WHAT IS NEEDED: Print the listing from its top line through the line containing "MQ für Galaxy", nothing more, and leave out the pictures.

DATA EXTRACT:
┏━━
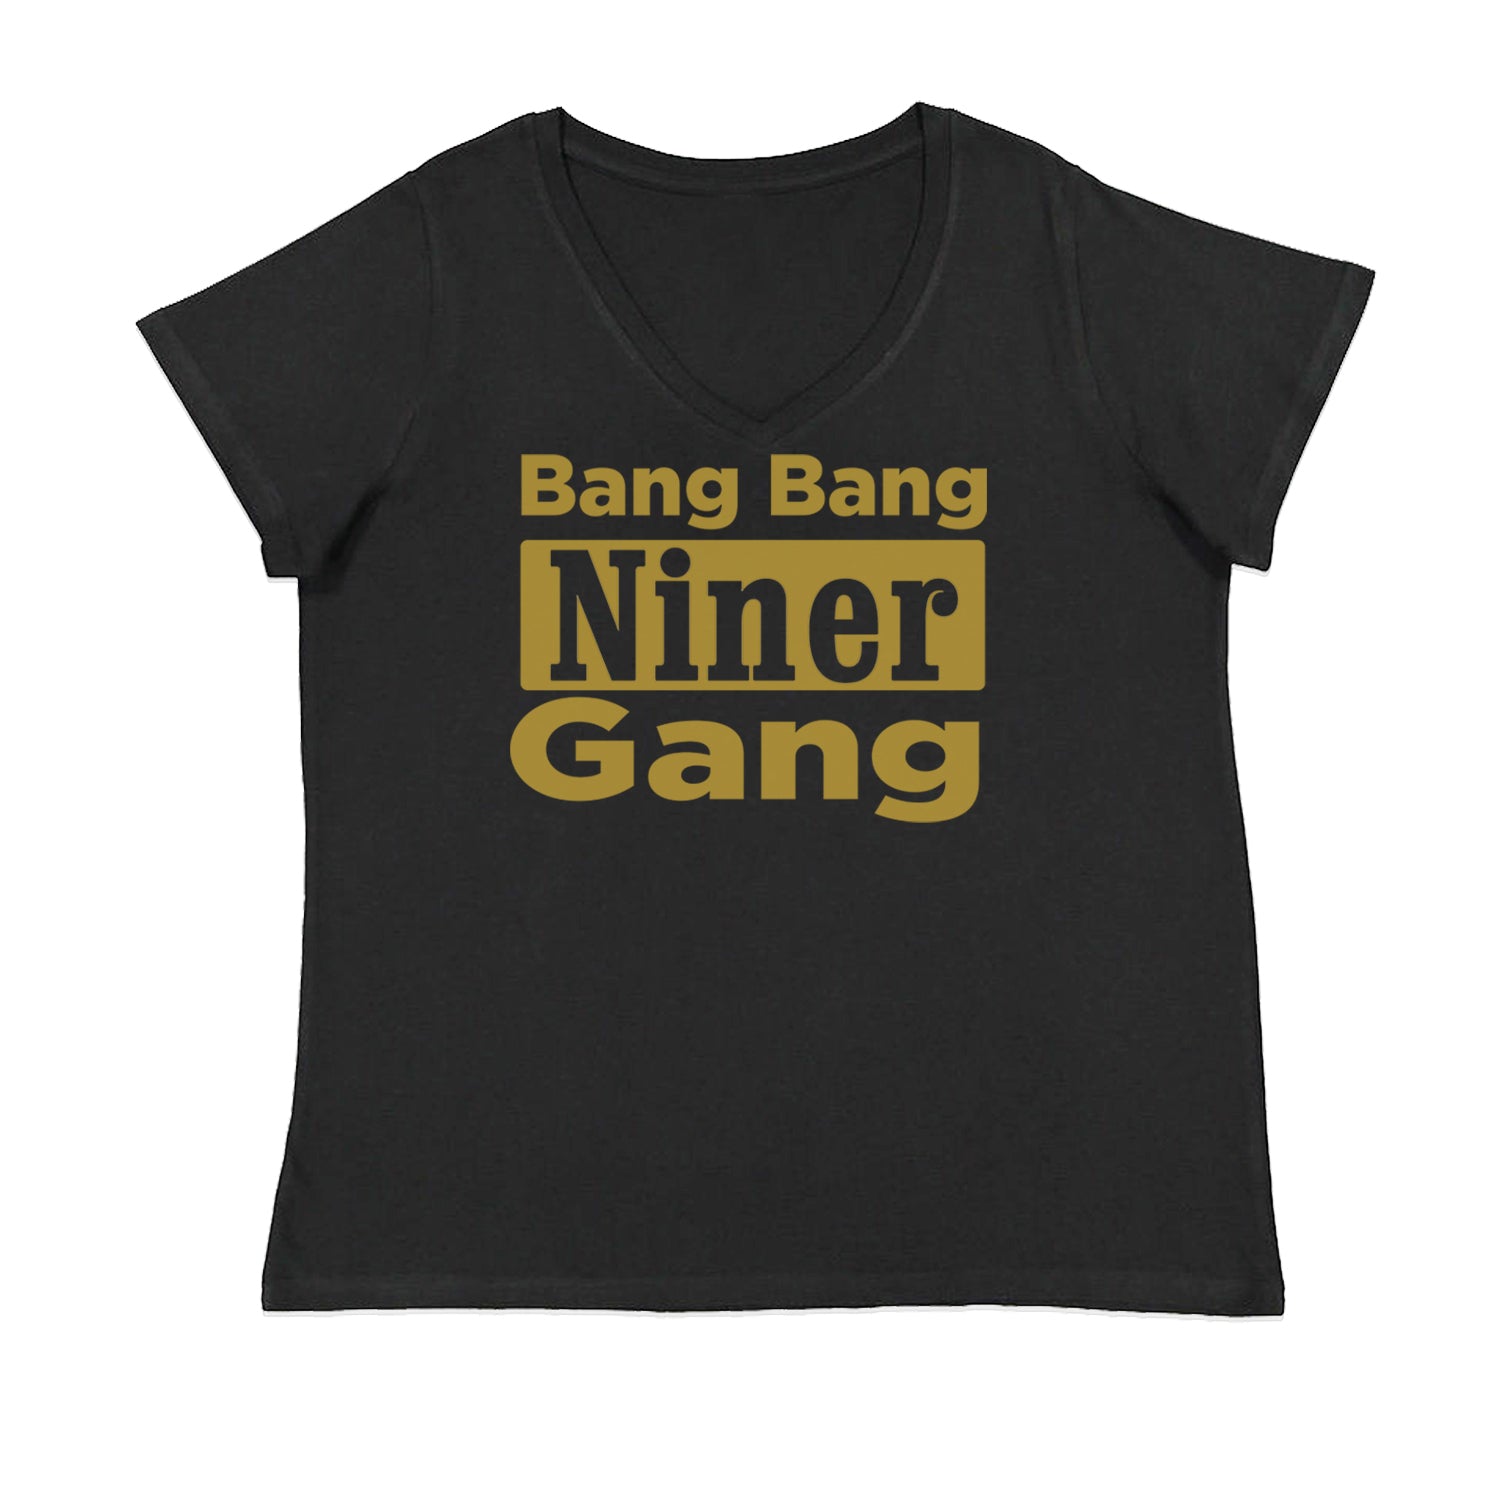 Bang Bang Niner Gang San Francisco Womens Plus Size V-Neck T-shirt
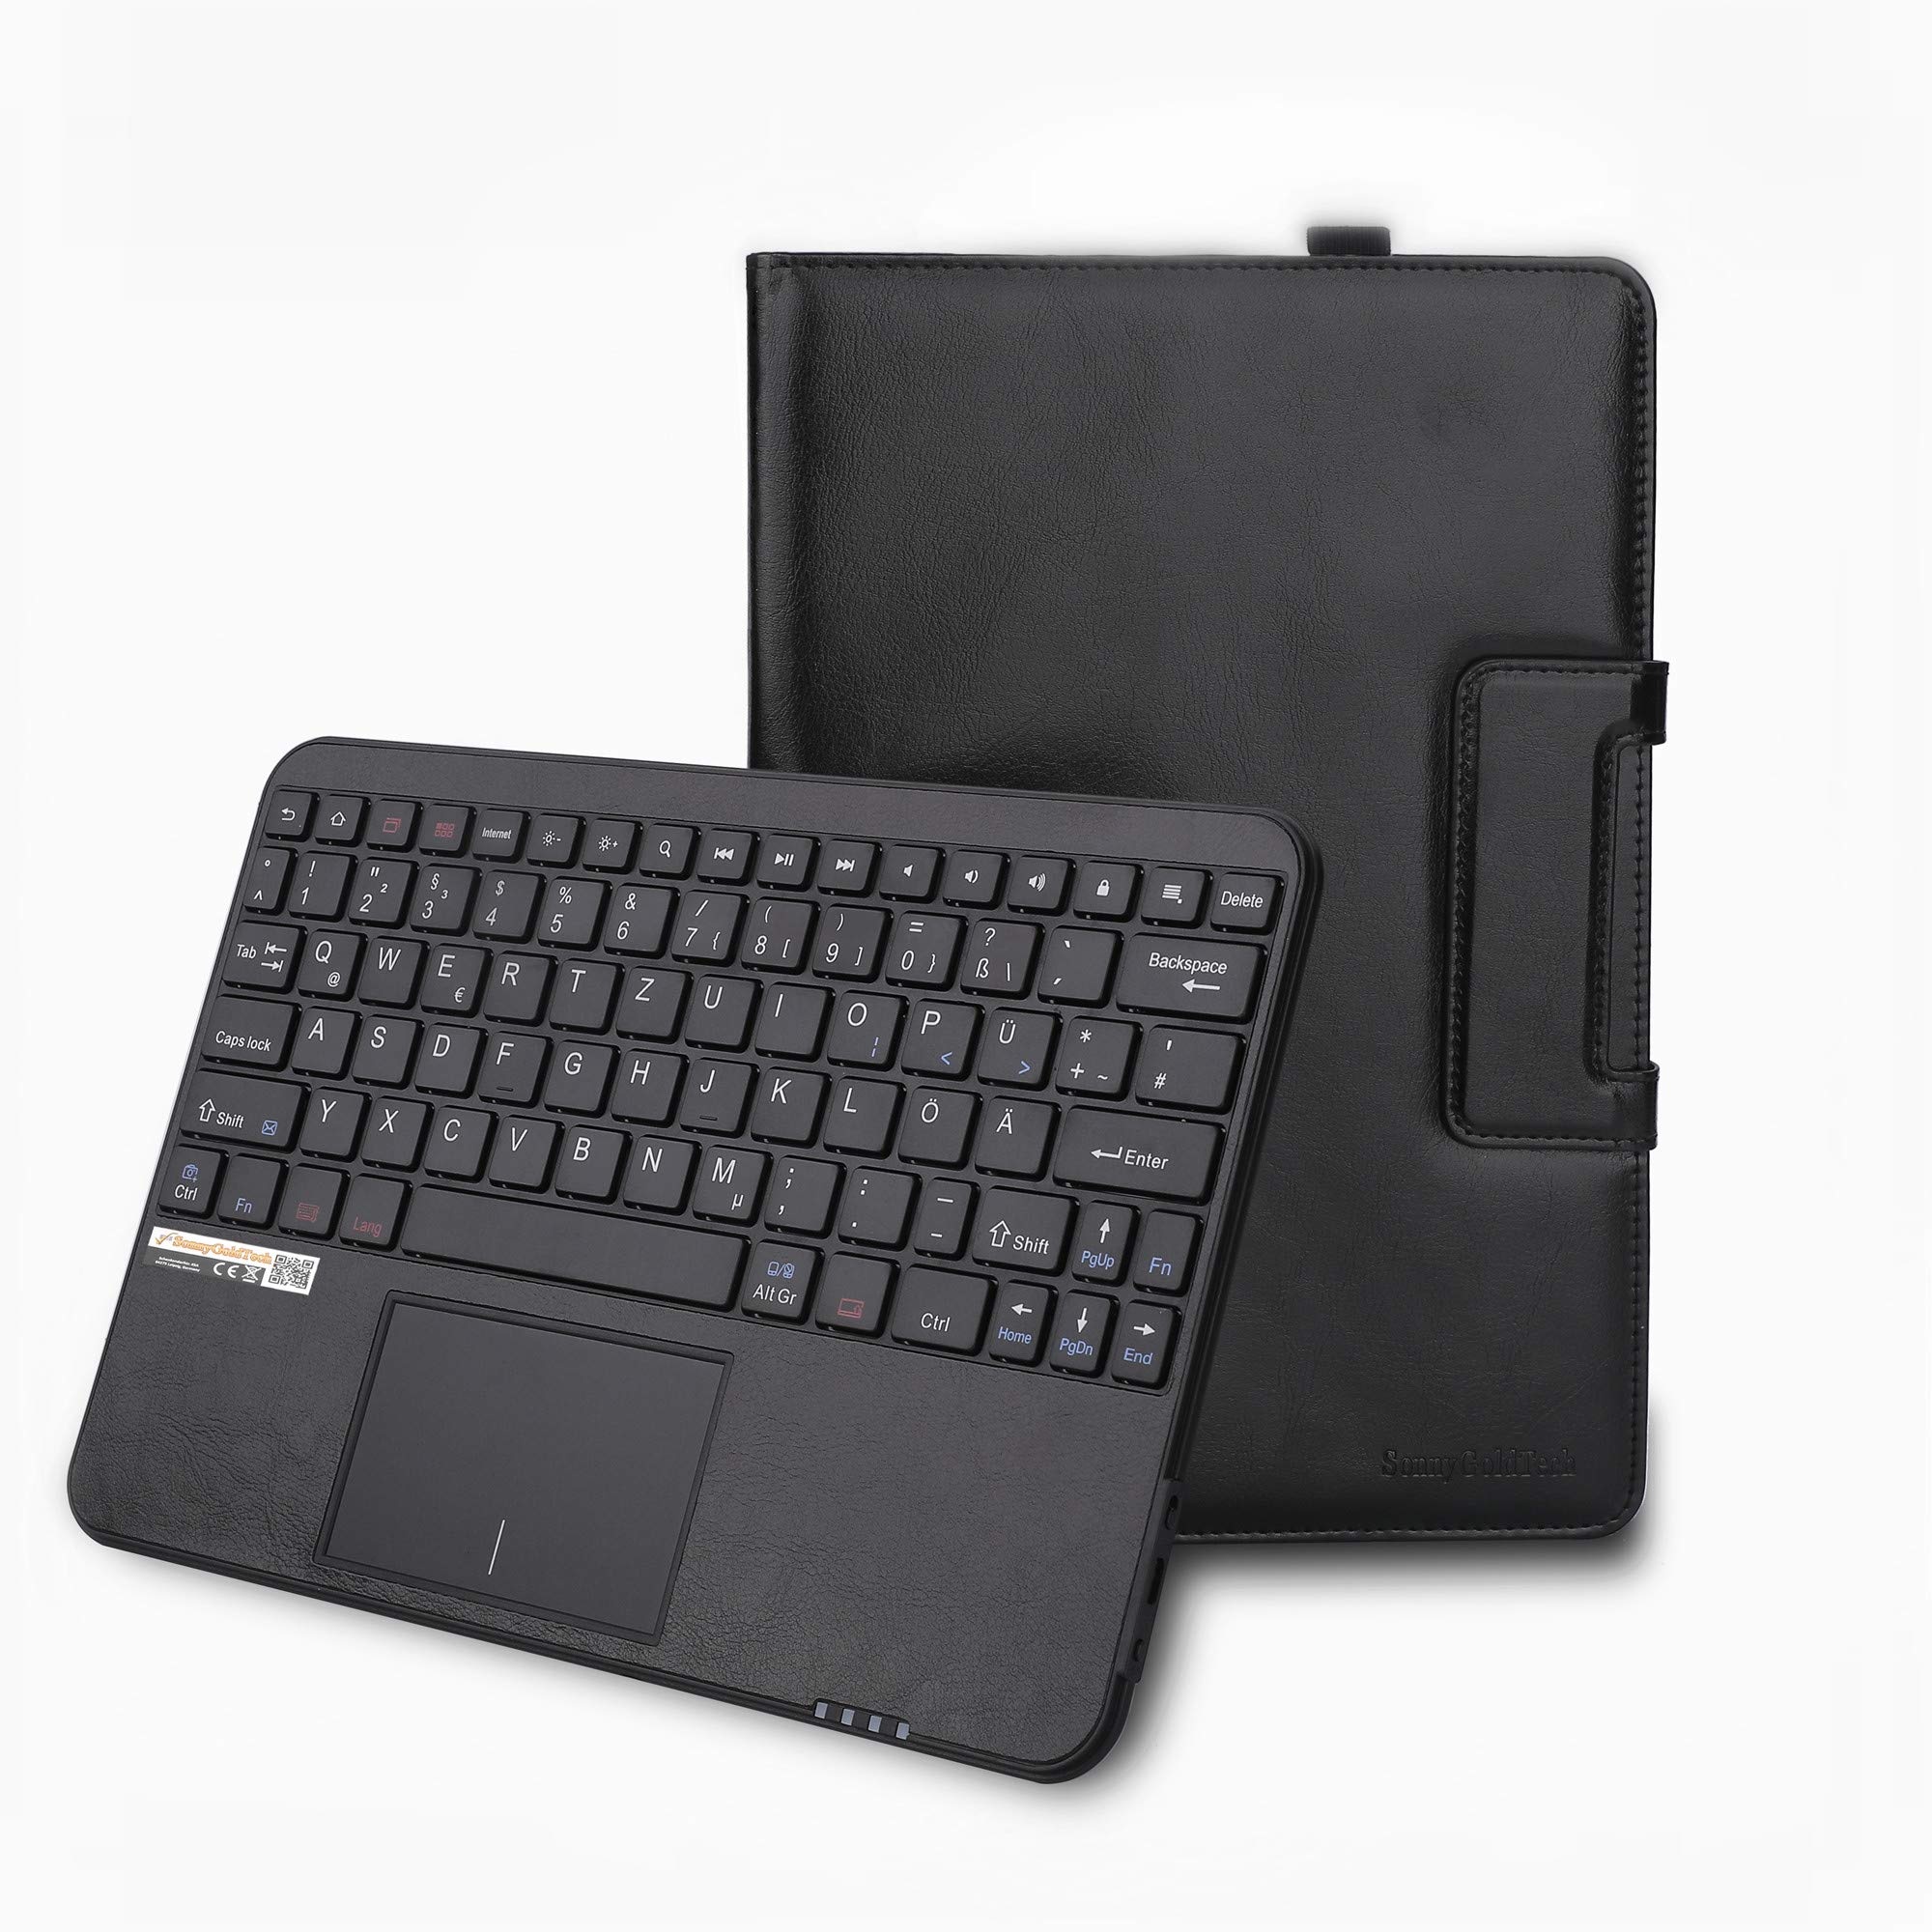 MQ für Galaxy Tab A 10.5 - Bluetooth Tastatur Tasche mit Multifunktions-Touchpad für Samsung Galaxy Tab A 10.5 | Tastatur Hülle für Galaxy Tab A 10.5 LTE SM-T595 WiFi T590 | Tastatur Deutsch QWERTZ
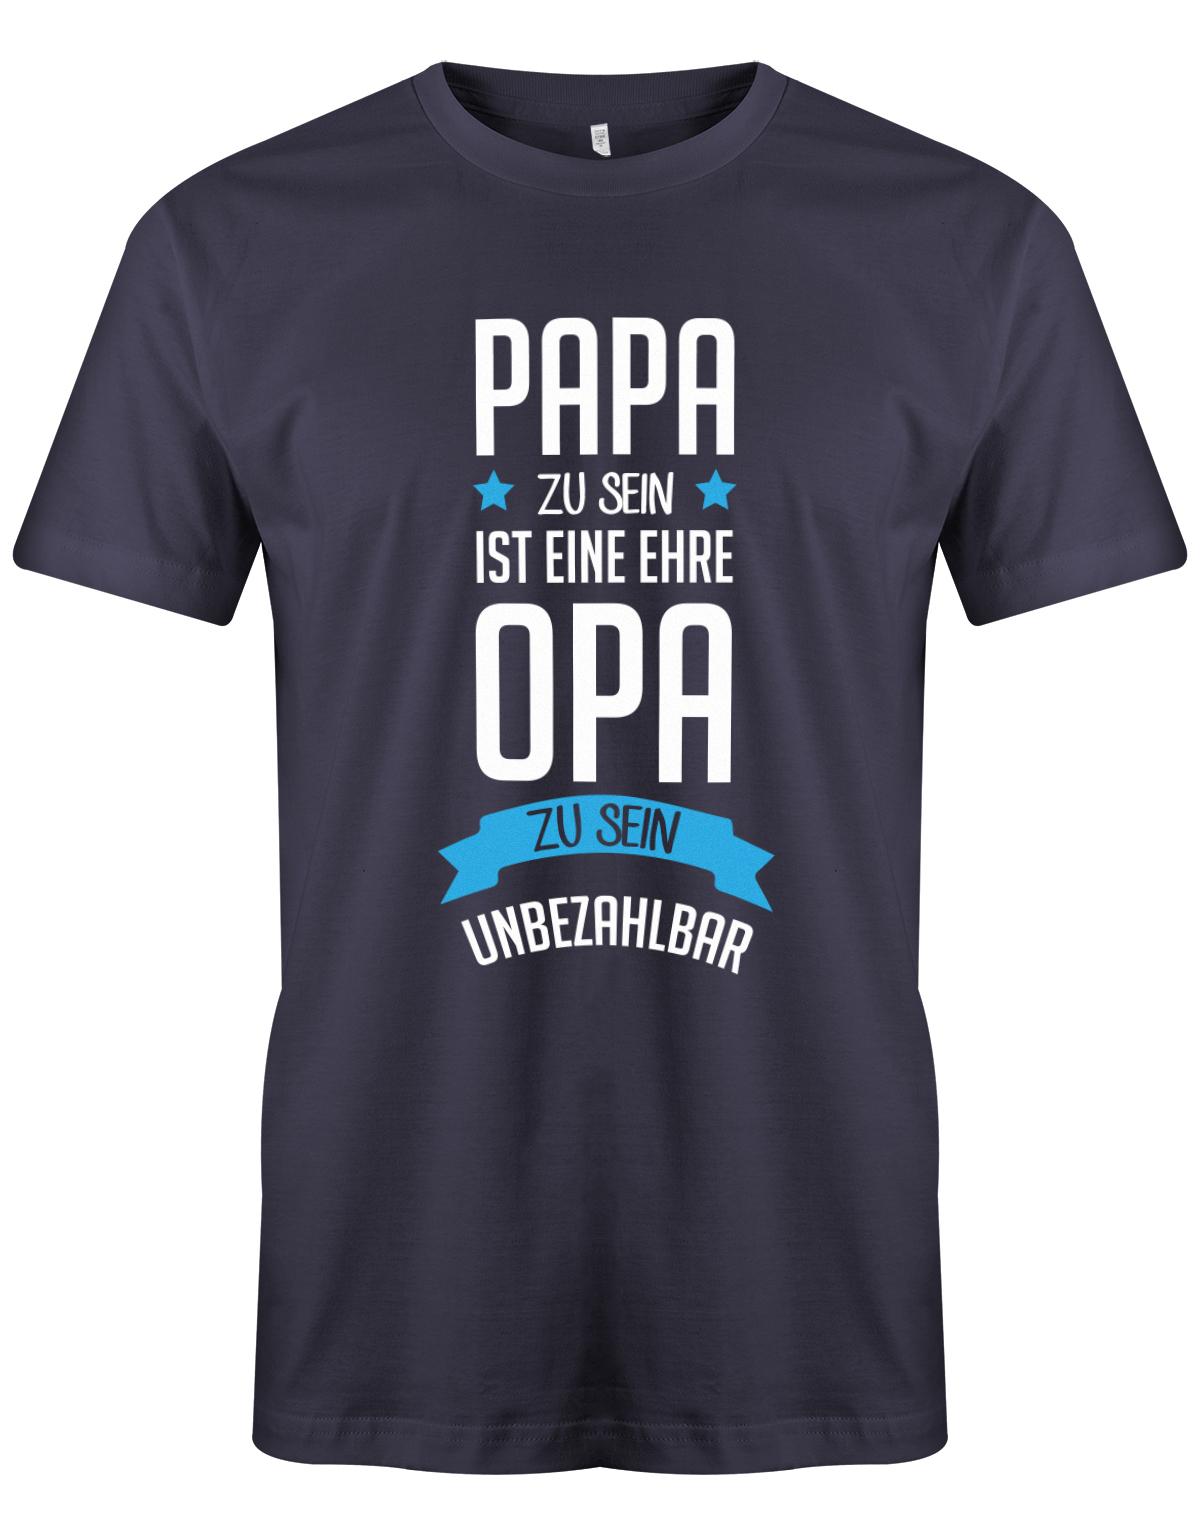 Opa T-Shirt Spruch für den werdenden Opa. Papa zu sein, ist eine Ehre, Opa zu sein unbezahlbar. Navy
┗━━
ANSWER SECTION:
 Bang Bang Niner Gang San Francisco Womens Plus Size V-Neck T-shirt
 MQ für Galaxy Tab A 10.5 - Bluetooth Tastatur Tasche mit Multifunktions-Touchpad für Samsung Galaxy Tab A 10.5 | Tastatur Hülle für Galaxy Tab A 10.5 LTE SM-T595 WiFi T590 | Tastatur Deutsch QWERTZ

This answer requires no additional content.